Implementation:Haifengl Smile SQL Data Loaders
Overview
The SQL Data Loaders are a set of methods on the smile.data.SQL class that create in-memory tables from external file sources. Each method generates a CREATE TABLE AS SELECT * FROM read_xxx(...) statement, delegating file parsing entirely to the DuckDB engine.
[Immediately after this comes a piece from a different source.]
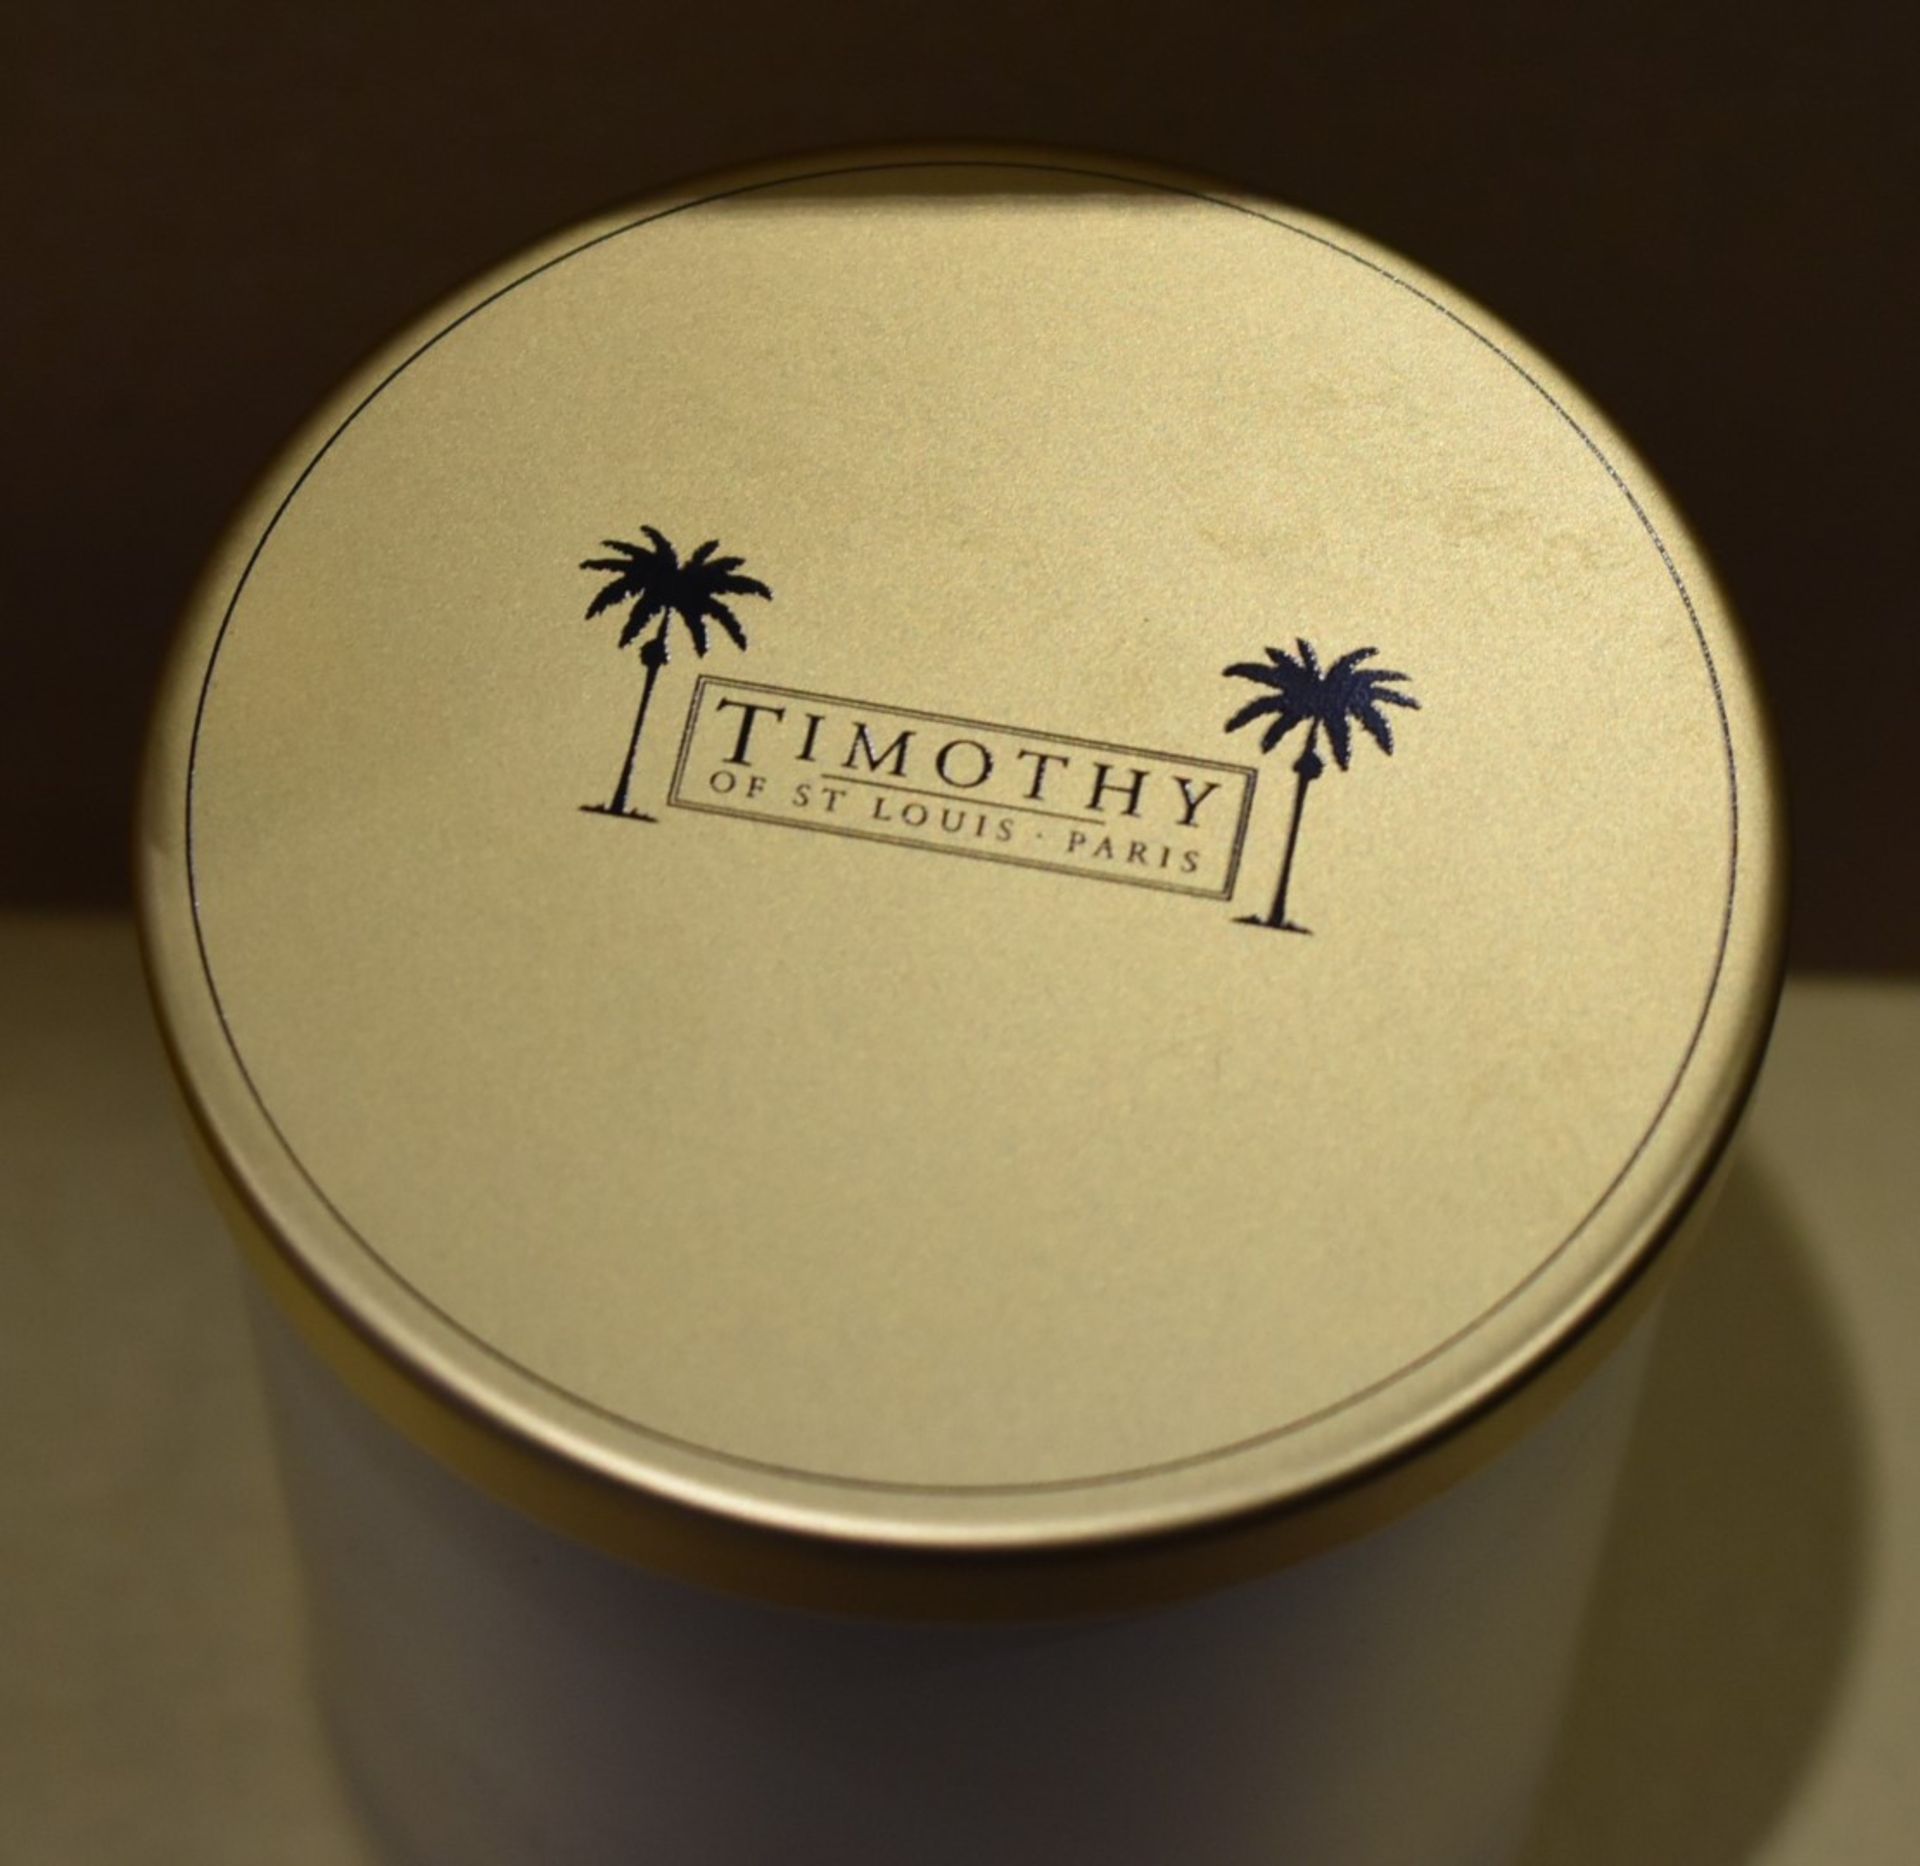 2 x Timothy of St Louis Perfumed Candle - Santal & Frangipanier - Brand New and Boxed - 150g Scented - Image 5 of 5

All methods return this to support fluent method chaining.
API Signature
public class SQL implements AutoCloseable {
/**
* Creates an in-memory table from CSV files with comma delimiter.
* @param name the table name.
* @param path the CSV file path(s) (supports glob patterns).
* @return this object.
*/
public SQL csv(String name, String... path) throws SQLException
/**
* Creates an in-memory table from CSV files with custom delimiter and columns.
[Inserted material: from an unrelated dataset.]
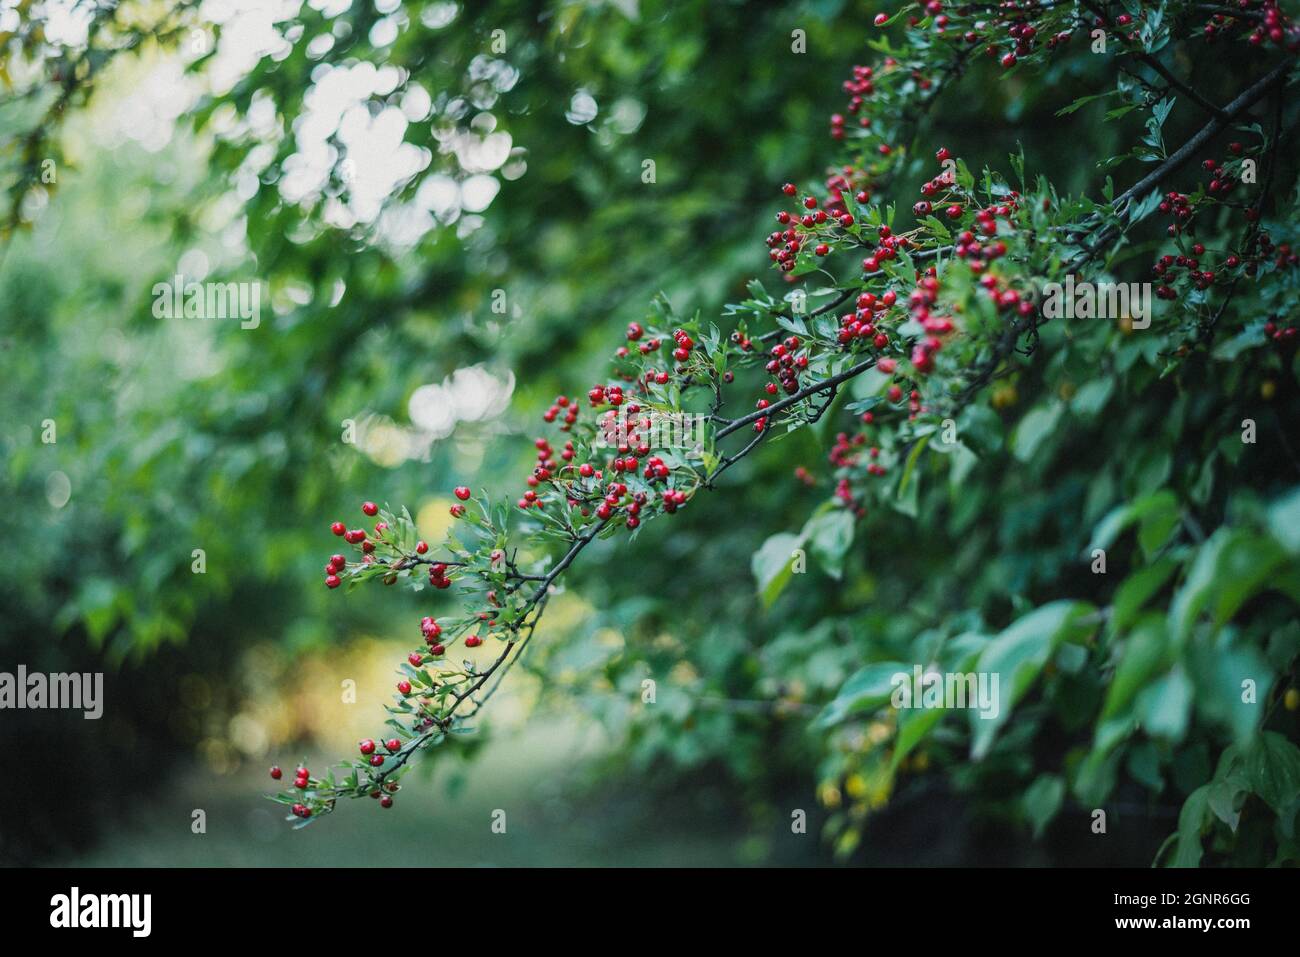 Closeup of the branch with red berries. Aronia arbutifolia. Stock Photo

* @param name the table name.
* @param delimiter the delimiter character.
* @param columns optional map of column names to column types.
* @param path the CSV file path(s).
* @return this object.
*/
public SQL csv(String name, char delimiter, Map<String, String> columns, String... path) throws SQLException
/**
* Creates an in-memory table from Parquet files.
* @param name the table name.
* @param path the Parquet file path(s) (supports glob patterns).
* @return this object.
*/
public SQL parquet(String name, String... path) throws SQLException
/**
* Creates an in-memory table from Parquet files with options.
* @param name the table name.
* @param options map of read options (e.g., hive_partitioning, union_by_name).
* @param path the Parquet file path(s).
* @return this object.
*/
public SQL parquet(String name, Map<String, String> options, String... path) throws SQLException
/**
* Creates an in-memory table from an Iceberg table.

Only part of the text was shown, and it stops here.